#### [Work item]
Set down the whole listing below exactly. The pictures stay out.

#### [Source data]

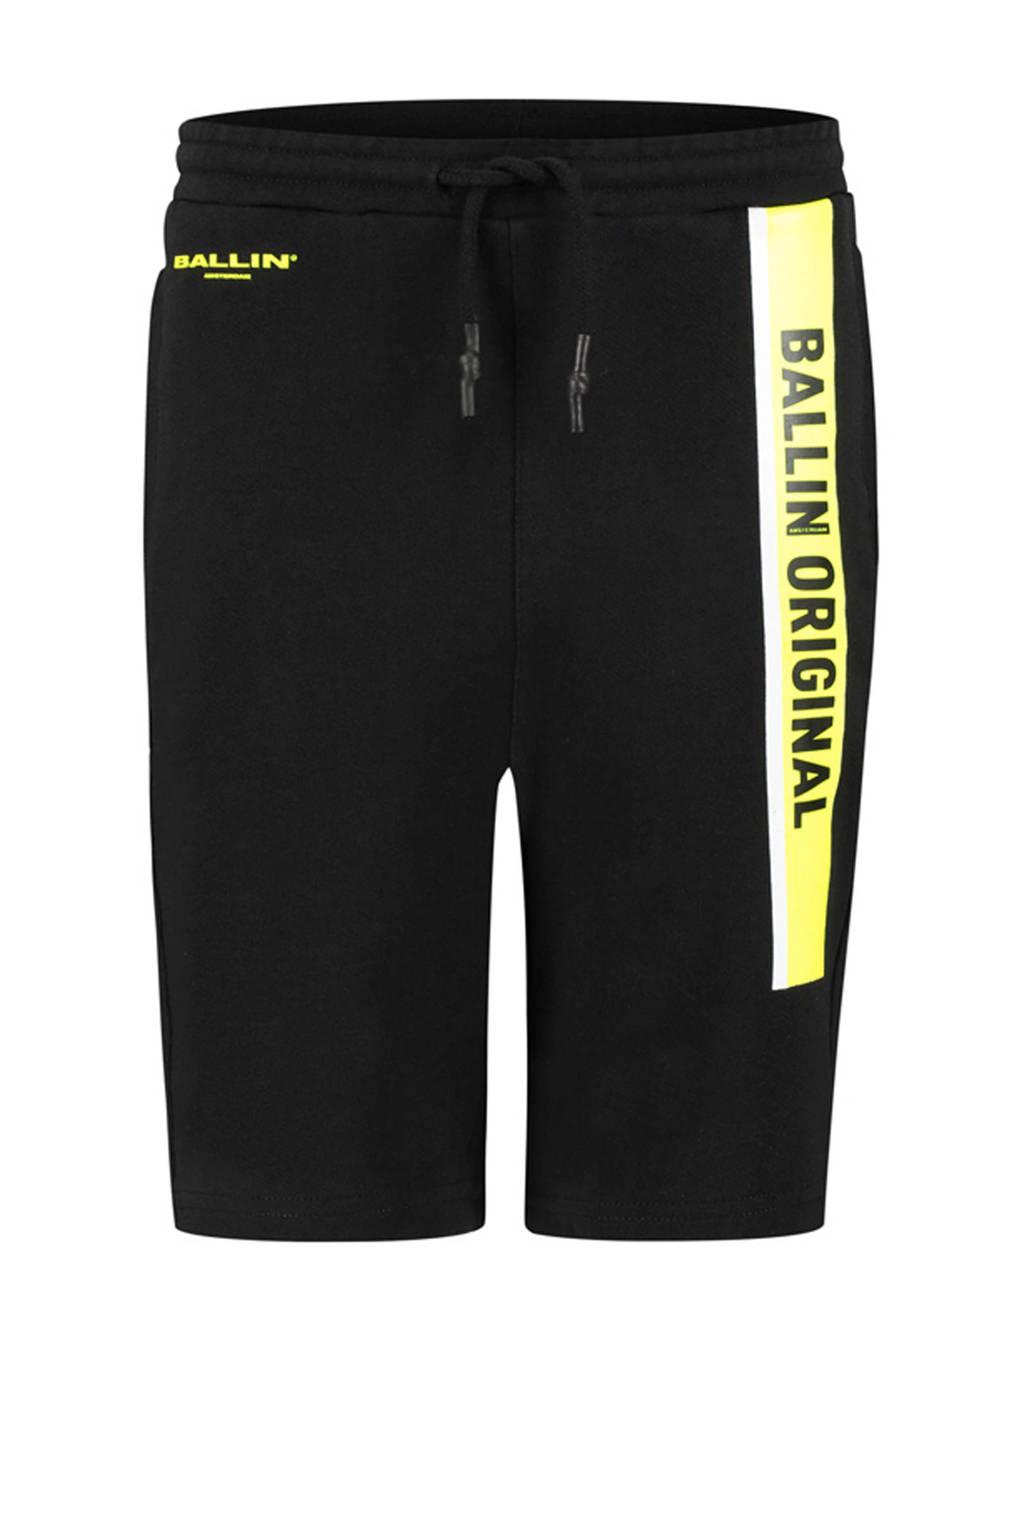 Ballin Amsterdam Junior by Purewhite sweatshort met tekst zwart/geel/wit, Zwart/geel/wit
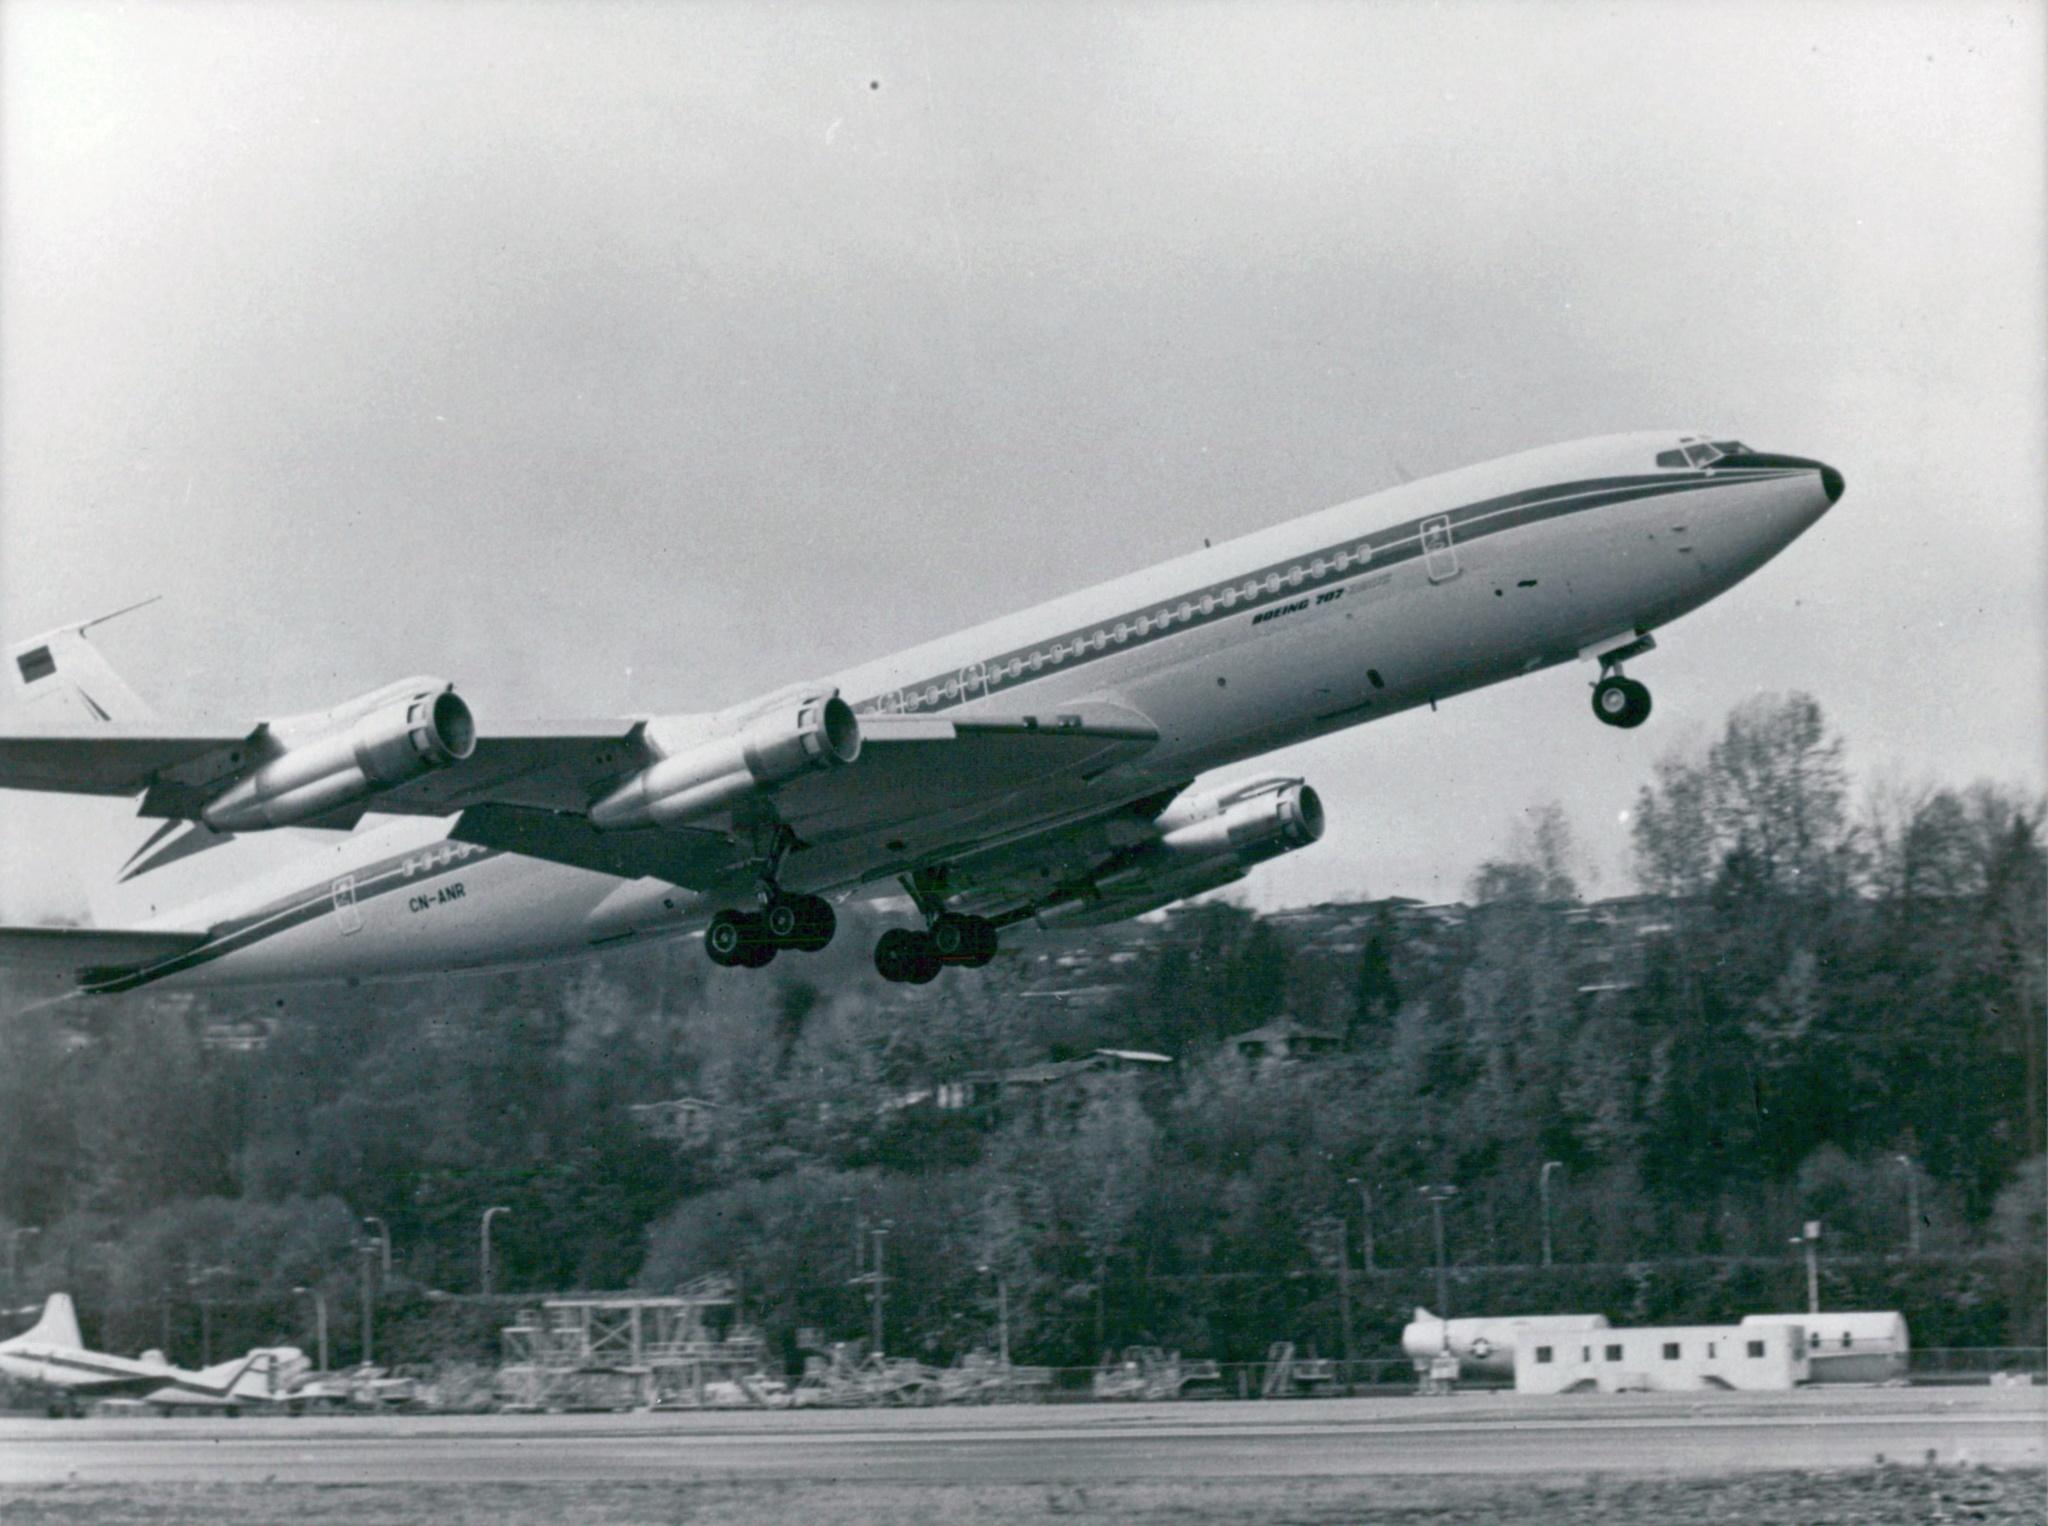 FRA: Photos anciens avions des FRA - Page 13 Clipb146
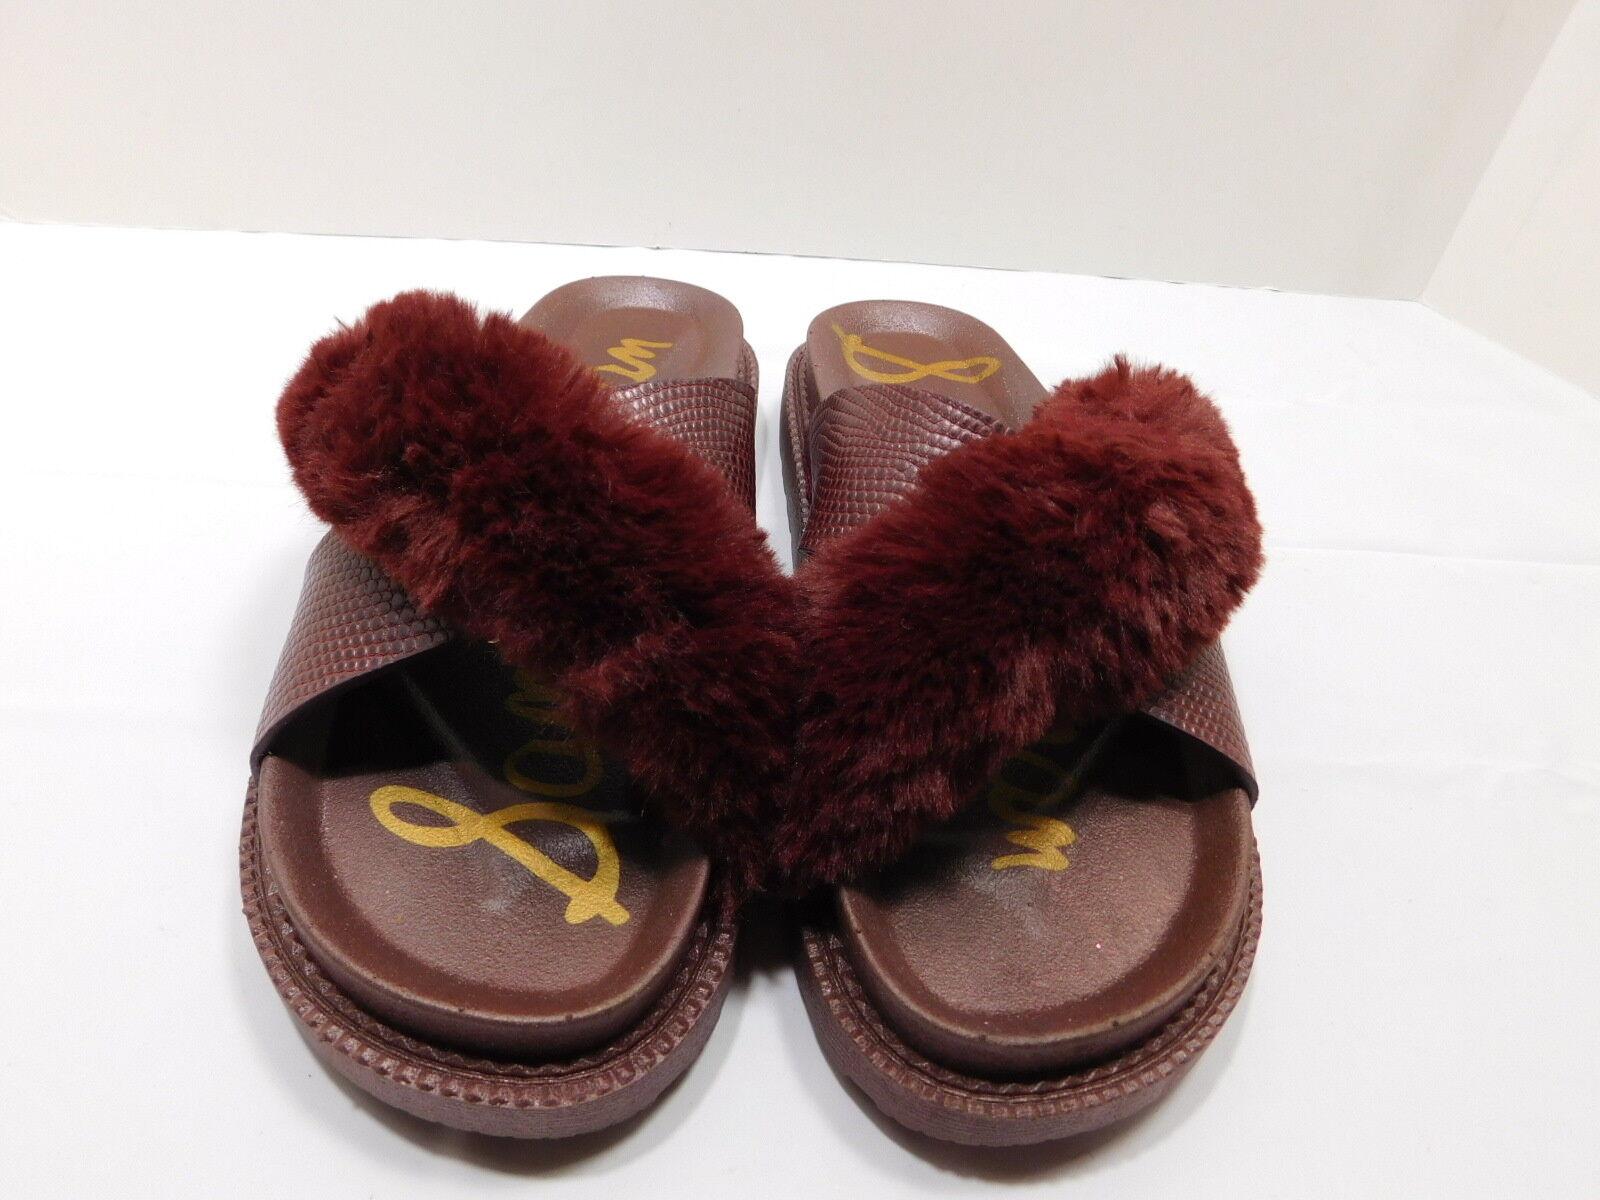 New  Sam Edelman Burgundy Faux Fur & Textured Leather  Slides.....7 M  37 EUR
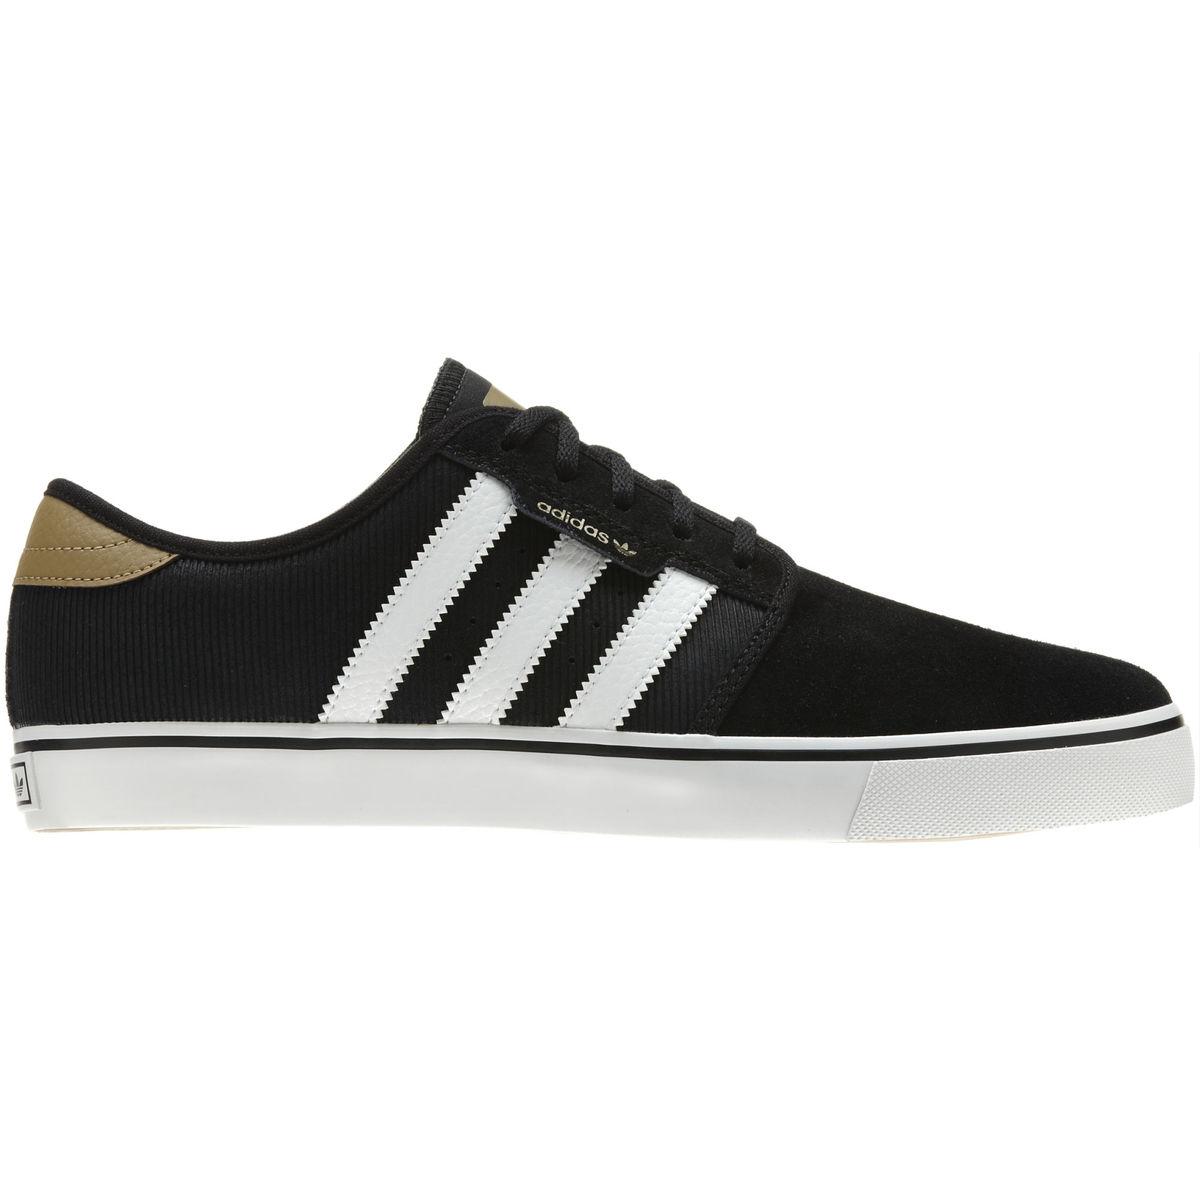 adidas action sports seeley schuhe turnschuhe sneaker herren schwarz ebay. Black Bedroom Furniture Sets. Home Design Ideas

#### [Answer box]
 Ballin Amsterdam Junior by Purewhite sweatshort met tekst zwart/geel/wit, Zwart/geel/wit
 FRA: Photos anciens avions des FRA - Page 13 Clipb146
 New  Sam Edelman Burgundy Faux Fur & Textured Leather  Slides.....7 M  37 EUR
 adidas action sports seeley schuhe turnschuhe sneaker herren schwarz ebay. Black Bedroom Furniture Sets. Home Design Ideas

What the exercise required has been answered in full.